Sie starrte ihre Mutter an, die wie jeden Tag im Hausflur stand und auf die Haustür starrte. Die Luft schien stehen zu bleiben, es fühlte sich an, als wären sie in einem Vakuum gefangen. Ana war vierzehn Jahre alt. Seit einem Jahr musste sie im Schatten eines Phantoms zurechtkommen. Das Phantom: Ihr Bruder. Er war nun schon ein Jahr lang veschwunden. Der Bruder, der die Hoffnung der Familie war. Der gutaussehende, charmante große Bruder, der der erste war, der es in eine Universität geschafft hatte. Ihre Eltern waren vor Stolz fast geplatzt. João. Sie seufzte. Ihre Mutter wartete seit einem Jahr darauf, dass die Tür aufging und João einfach so reinspazierte. Sie würden nicht einmal eine Erklärung verlangen. Sie wären einfach nur froh, dass er da war. Ana war nicht da, zumindest fühlte es sich so an. Der Vater hatte schon früher nichts mit ihr gesprochen, aber seit João weg war, hatte auch ihre Mutter Anas Existenz anscheinend vergessen. Würden sie es bemerken, wenn sie einfach nicht mehr nach Hause käme?
Der Bruder war durch seine Abwesenheit so anwesend wie nie zuvor. Sein Zimmer zu betreten war strikt verboten! Dabei hatten sie doch so wenig Platz in ihrem einfachen Häusschen. Man könnte zumindest seinen Schrank benutzen, dachte sich Ana. Nur bis er zurückkam... Falls. Alles im Leben dieser kleinen, verzweifelten Familie schien sich um João zu drehen. Ana ging oft zu Fuß zum nahegelegenen Supermarkt. Es war schon vorgekommen, dass sie einen jungen Mann sah und ihr Herz zu rasen begann. Einen flüchtigen Moment lang war sie sich sicher ihren Bruder vor sich stehen zu sehen, nur um sofort in tiefe Bestürzung zu fallen, wenn der wildfremde Mann sie verdutzt anschaute.
Die Zeit war für alle an dem Tag stehen geblieben, an dem João nicht nach Hause gekommen war. Sie hatten gewartet. Sie waren zu seinen Freunden gegangen. Zur Uni. Überallhin. Sie hatten versucht sich mit selbst ausgedachten Erklärungen zu beruhigen. Am nächsten Tag waren sie zur Polizei gegangen um ihn als vermisst zu melden. Sie waren durch die Straßen gewandert und hatten wildfremde Menschen gefragt, ob sie ihn gesehen hatten. Gerüchte kamen auf. Die Militärpolizei hätte ihn gefangen genommen. João hatte viele politisch aktive Freunde, aber der Meinung seiner Eltern nach würde er so etwas riskantes nie tun! Politische Proteste? Untergrundbewegungen? Etwas gegen das Militärregime tun? Das wäre doch verrückt! Ihr guter Junge, der musste studieren und etwas aus sich machen. Er konnte doch nicht alles aufs Spiel setzen wegen so blödsinniger kommunistischer Gedanken! Nein. Es gab eine andere Erklärung für sein verschwinden! Es musste eine geben. Falls es das Militärregime war, würde er nie wieder zurückkommen. Er wäre irgendwo gefangen. Oder verbuddelt. Oder in der Tiefe eines Sees. Sowas hätte er ihnen nie angetan.
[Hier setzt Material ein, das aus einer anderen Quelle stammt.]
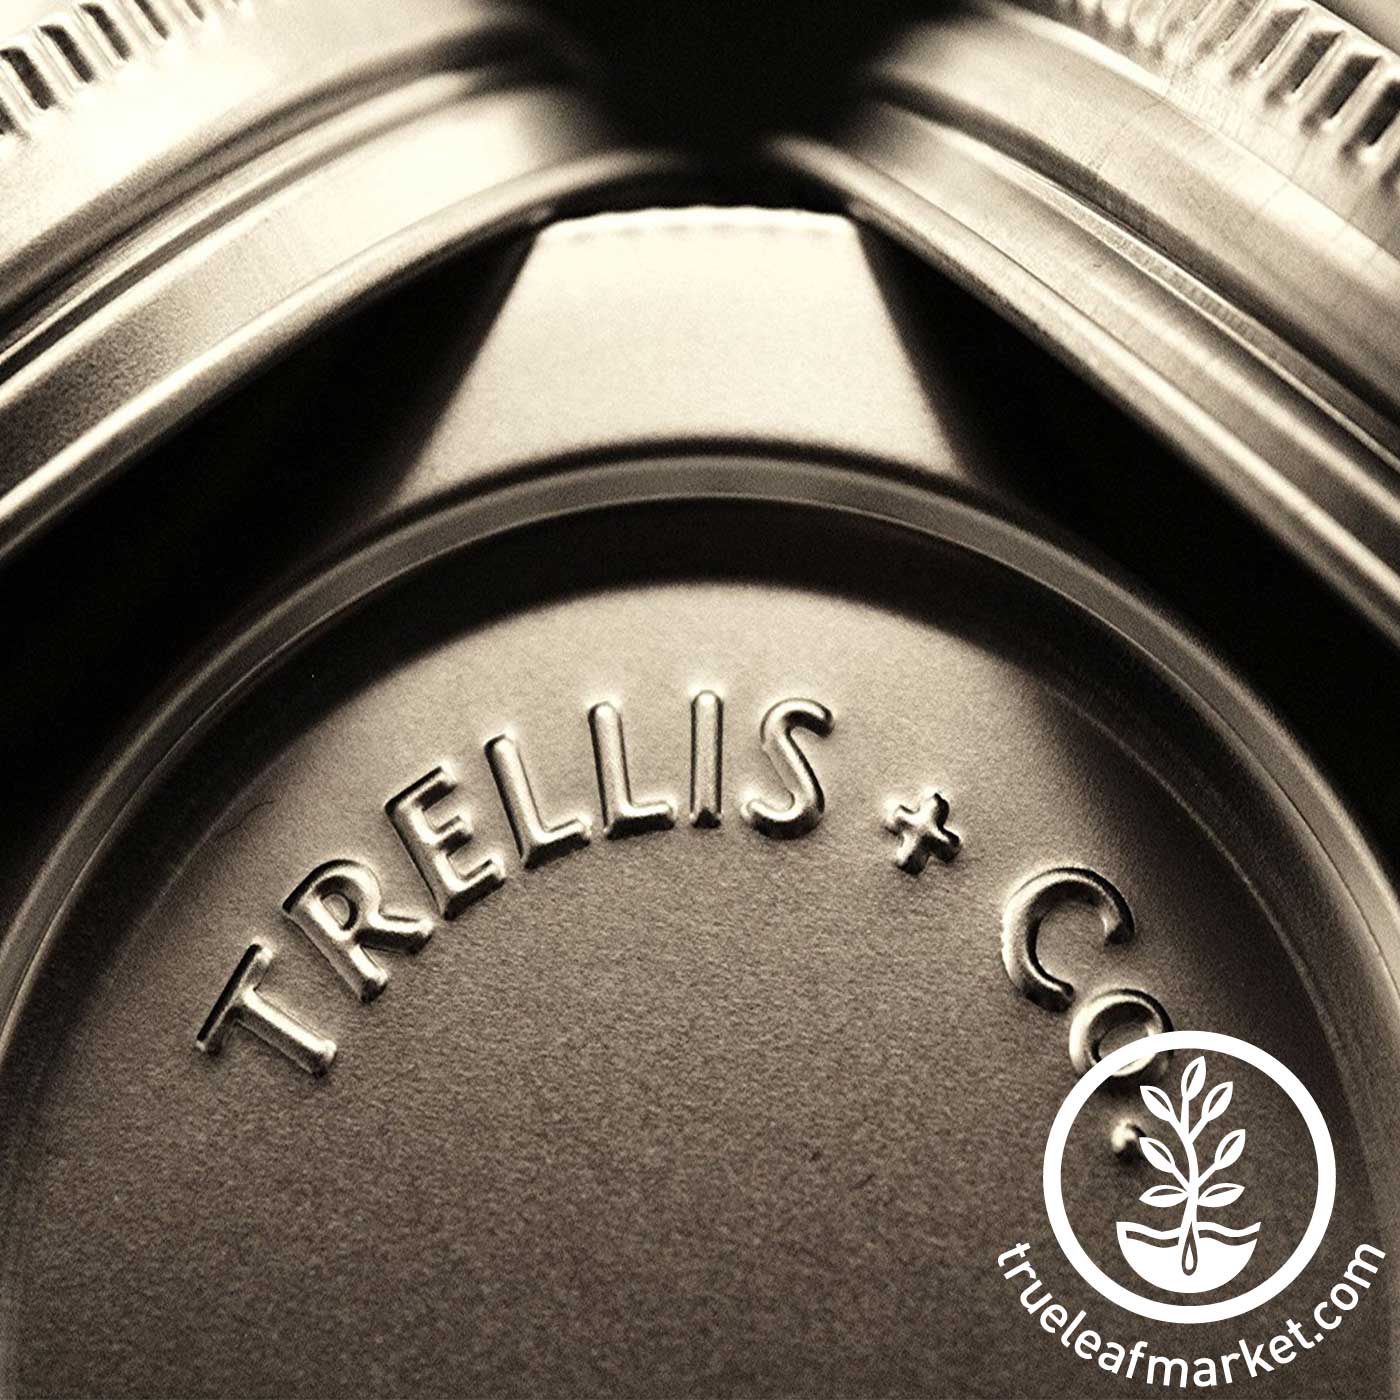 Trellis Stainless steel lids

Auch seine Freunde wussten von nichts. Niemand hatte eine Ahnung was mit João passiert war. Es schien Ana manchmal so, als hätte João eigentlich nie existiert. Als sei er eine Erfindung ihrer Familie. Aber dann, wenn sie in sein Zimmer schaute, sah sie seine Fotos an der Wand, die wenigen Schallplatten und Bücher im Regal. Sie vermisste ihren großen Bruder, auch wenn er sie oft wegen ihrer breiten Nase gehänselt hatte. Auch wenn er ihr im Flur morgens den Fuß stellte, damit sie hinfiel und er sie auslachen konnte. Sie vermisste es ihn Gitarre spielen zu hören. Sie erinnerte sich an die nassen Handtuchschlachten, die ihre Mutter mit Schreien zu verhindern versuchte. Joãos lachen war das schönste Lachen, das Ana jemals gehört hatte. Er hatte immer viel und laut gelacht. Seit er weg war, gab es nichts mehr zu lachen. Ana starrte ihre Mutter an, die immer noch im Hausflur stand und wartete.